Then, the meal begins, and within minutes, the air in the room shifts. Maybe the person stares at the plate as if they’re looking at a foreign object. Maybe they push the fork away with a look of genuine fear. Or perhaps the meal is moving at a snail's pace, and you can feel your own blood pressure rising as you realize you have a dozen other tasks waiting for you.

When eating gets hard, our first instinct is to fix the food. We try a different recipe, we offer a bribe of dessert, or we start cheerleading them to take just one more bite. But in my twenty-plus years as a physical therapist and a dementia care trainer, I have seen that the struggle at the table is rarely about the food itself.

It is about the brain.


The Ultimate Stress Test
I often tell the families and professional teams I coach that mealtime is the ultimate stress test for a brain living with dementia. While tasks like dressing or bathing are certainly complex, they don't require the same level of simultaneous processing that eating does.

Think about what we are asking the person to do when they sit down for a meal. They must navigate physical coordination, sensory input, cognitive sequencing, emotional regulation, and environmental distractions. They must do all of this at the same hour, three times a day, every single day. Most Activities of Daily Living (ADLs) happen once a day. Mealtime is a recurring challenge that constantly tests the limits of neurological reserve.

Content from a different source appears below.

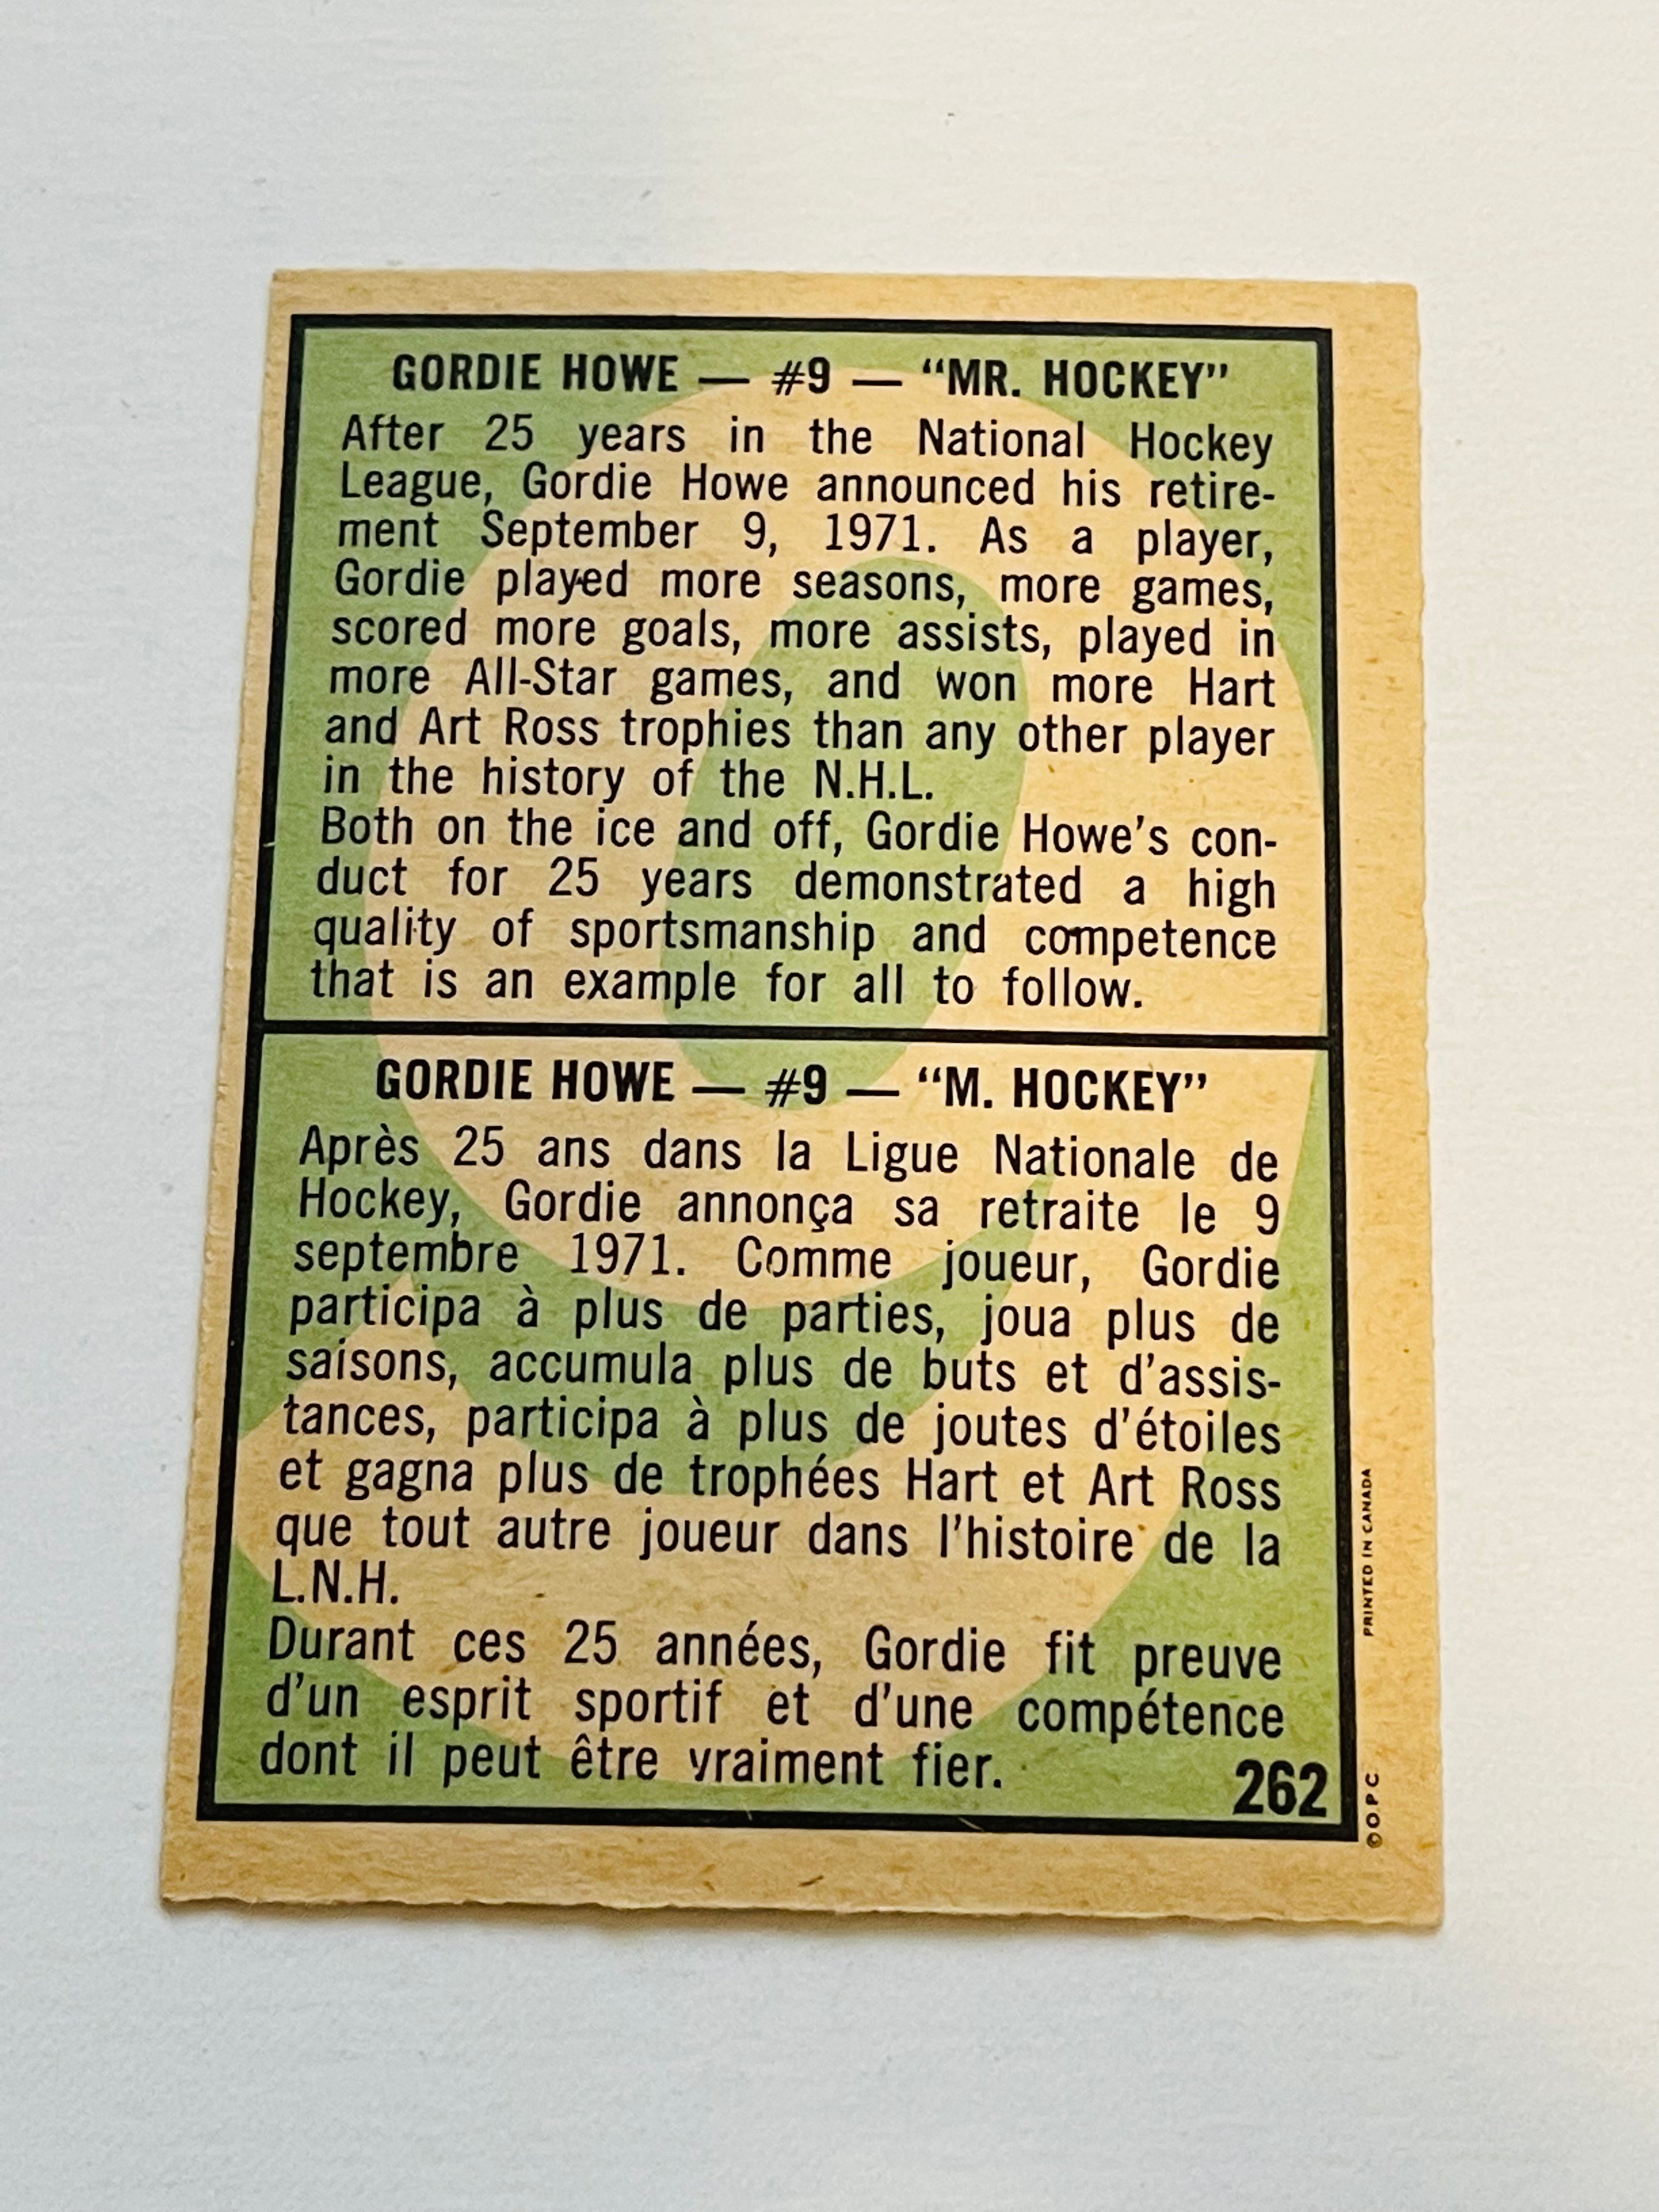 Gordie Howe Mr. Hockey opc card 1970

This is why I developed the Wheel of Function™.

Instead of seeing refusal or agitation as a behavior to be managed, we need to see it as a mechanical failure of a specific spoke. When the wheel stops turning, it isn’t because the person is being difficult. It is because one or more of the five spokes has encountered an obstacle the brain can no longer bypass.


Understanding the Five Spokes
To change your Tuesday morning, you have to understand the mechanics of the wheel. Let’s break down the five spokes of the Wheel of Function Framework™ and how they manifest at the dinner table.

1. The Physical Spoke
As a physical therapist, this is often where my eyes go first. The physical spoke involves more than just the act of opening the mouth or chewing. It is a massive coordination of the central nervous system.

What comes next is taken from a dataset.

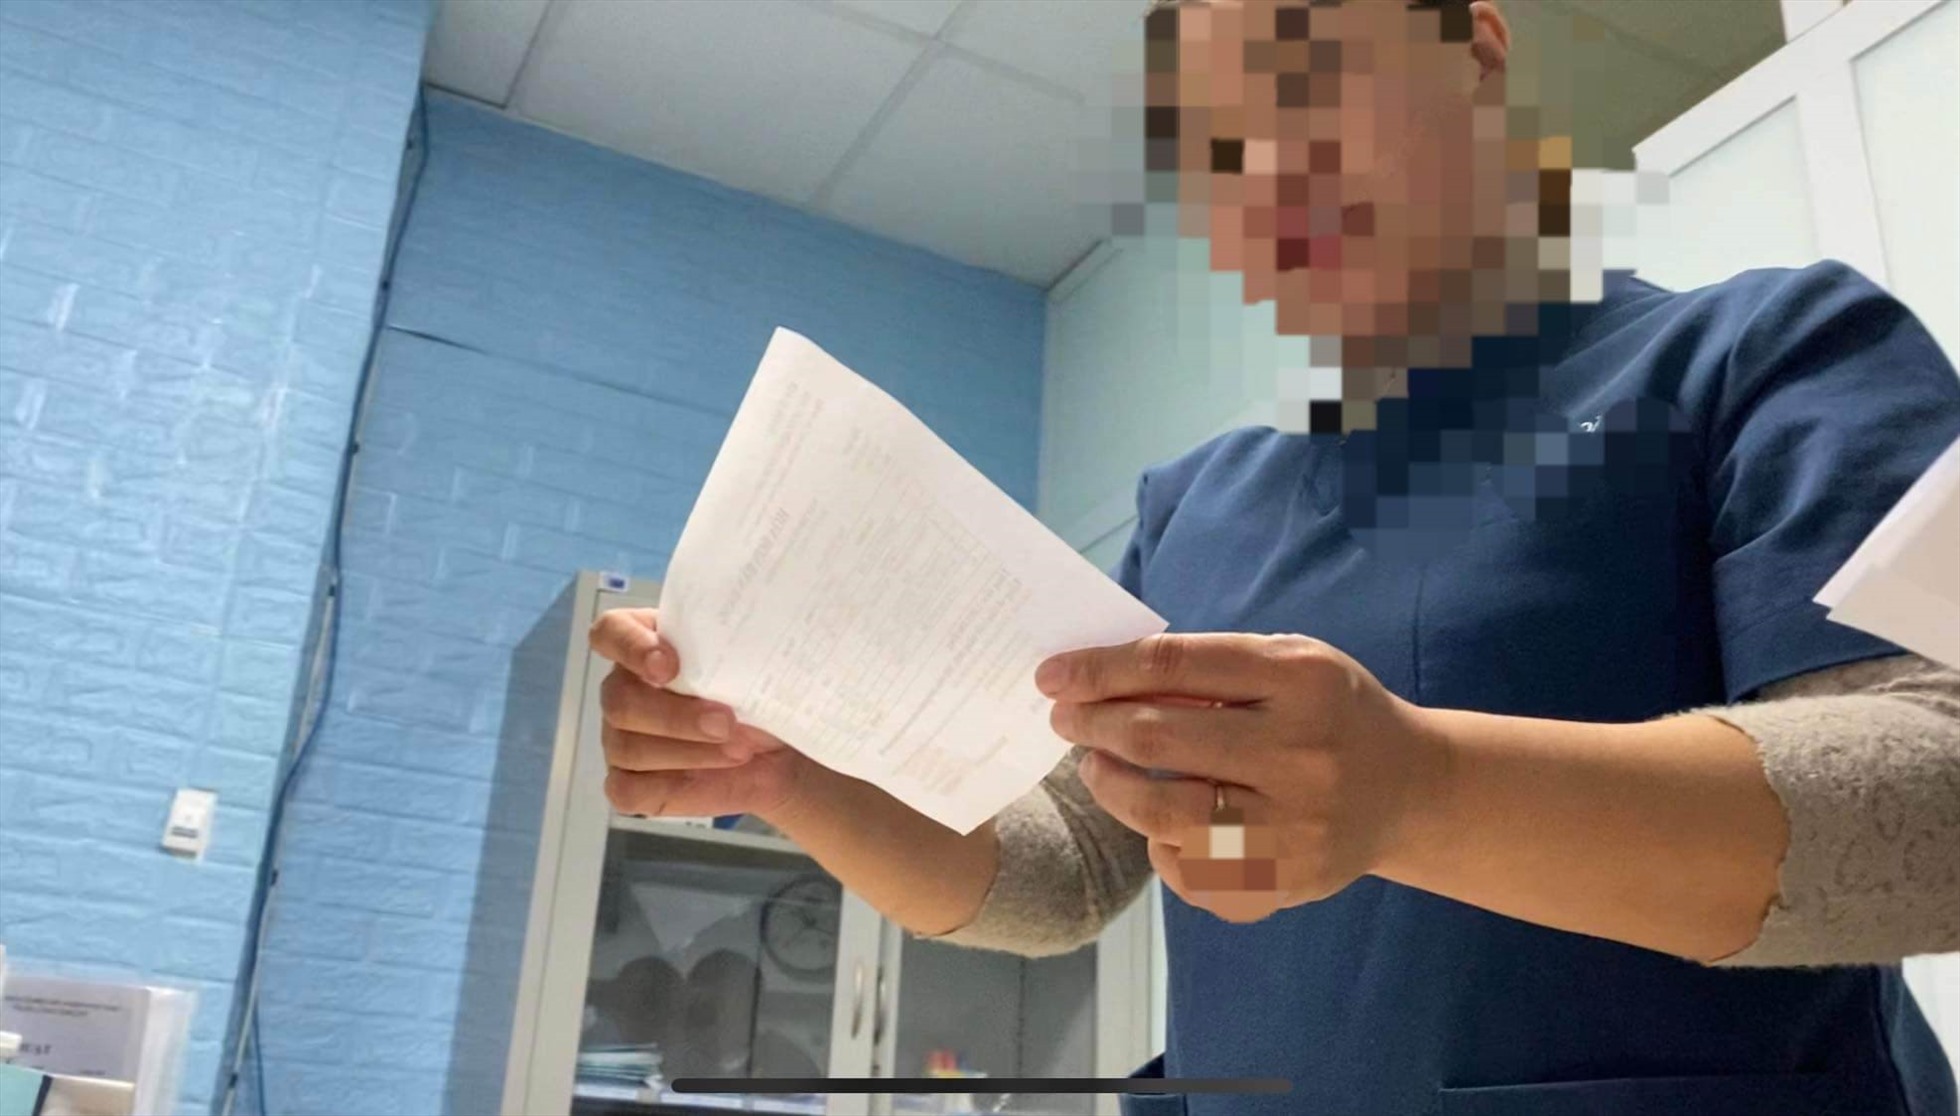 Các điều dưỡng/hộ sinh ở Khoa Phụ sản- BVĐK Hà Đông đã kê đơn thuốc cho bệnh nhân, làm thay việc của bác sĩ. Ảnh: Phóng viên Lao Động

Fine Motor Control: The ability to grip a utensil, navigate it toward the plate, and pierce a piece of food requires a steady hand and precise muscle firing. When the brain can no longer send those signals clearly, the fork becomes a source of frustration. The person may hold the utensil awkwardly or drop it repeatedly, leading to a total cessation of the meal.

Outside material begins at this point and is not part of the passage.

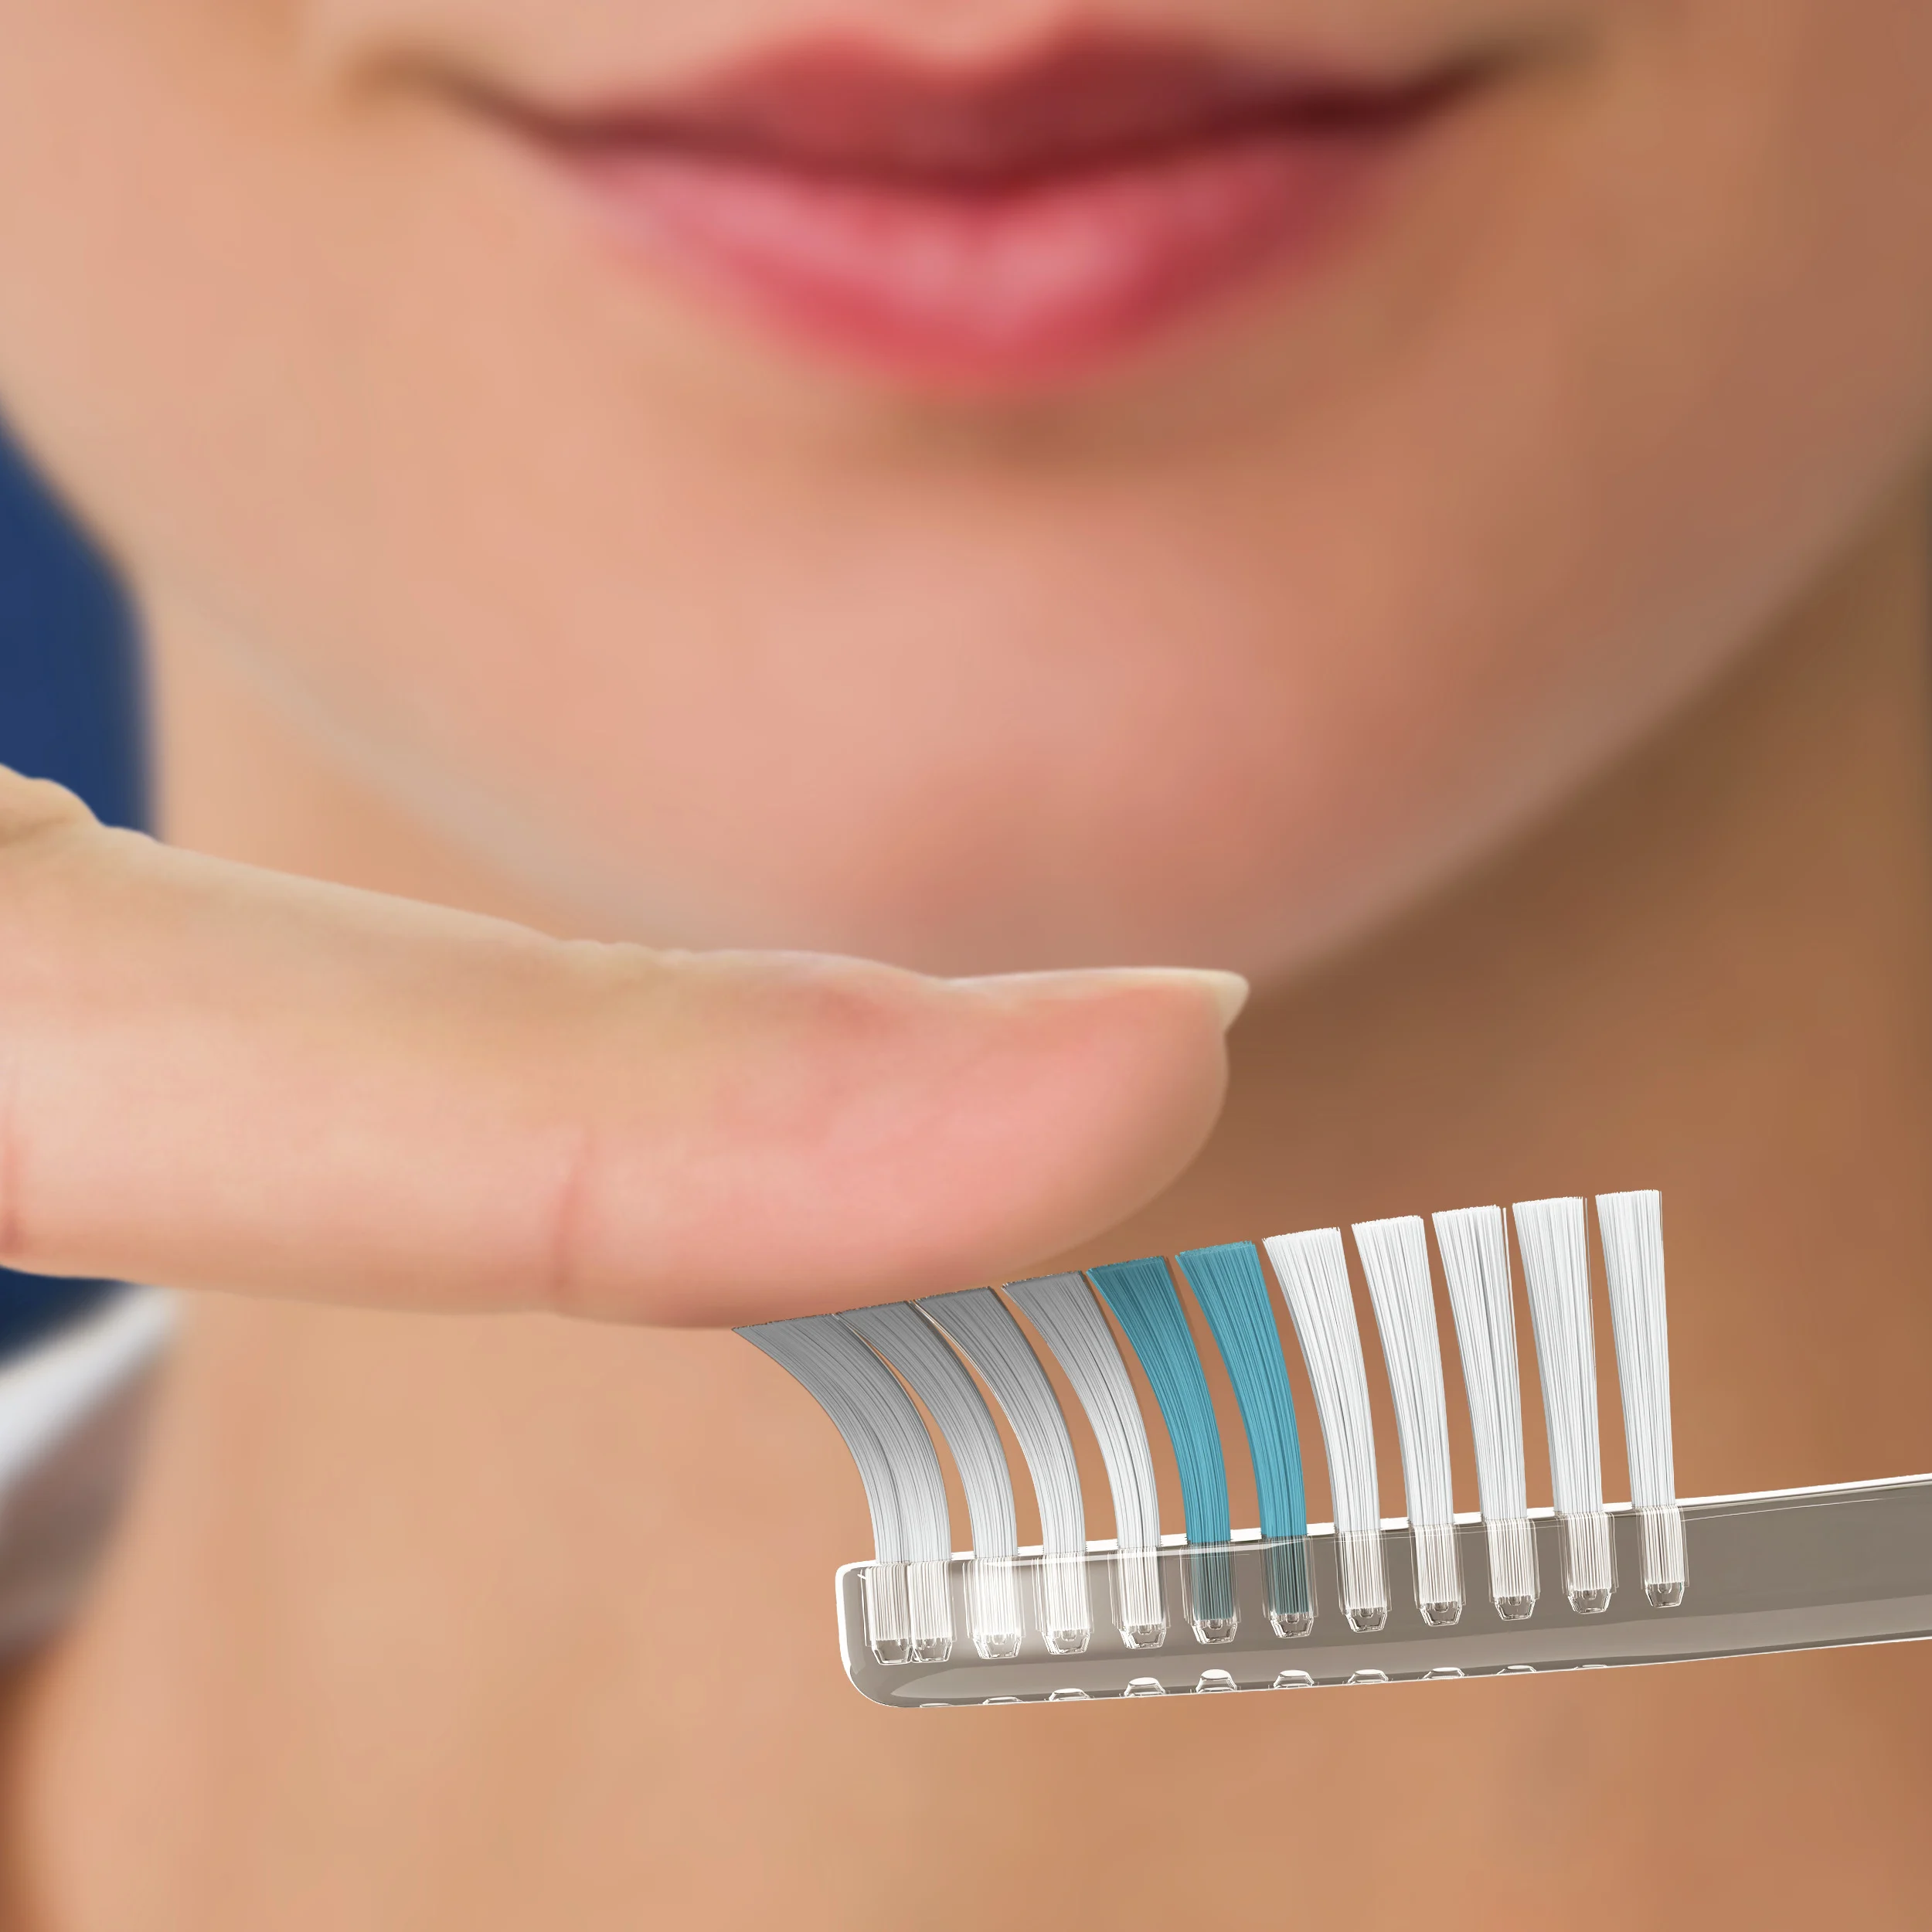 Cepillo dental Oral-B Clean Indicator Suave 1 pza

Proprioception: This is your body map. It is knowing where your hand is in space relative to your mouth without having to stare at it. For a person with dementia, that map often becomes blurred. They may reach for a glass and miss it by three inches, or bring the spoon to their cheek instead of their lips. This lack of spatial awareness makes the simple act of self-feeding feel like an insurmountable mountain.

The Swallow Reflex: This is a complex, high-stakes coordination of muscles that must work in a split second to ensure food goes to the stomach and not the lungs. If the brain is fatigued, this reflex slows down. This can lead to coughing, pocketing food in the cheeks, or a sudden fear of swallowing that looks like food refusal.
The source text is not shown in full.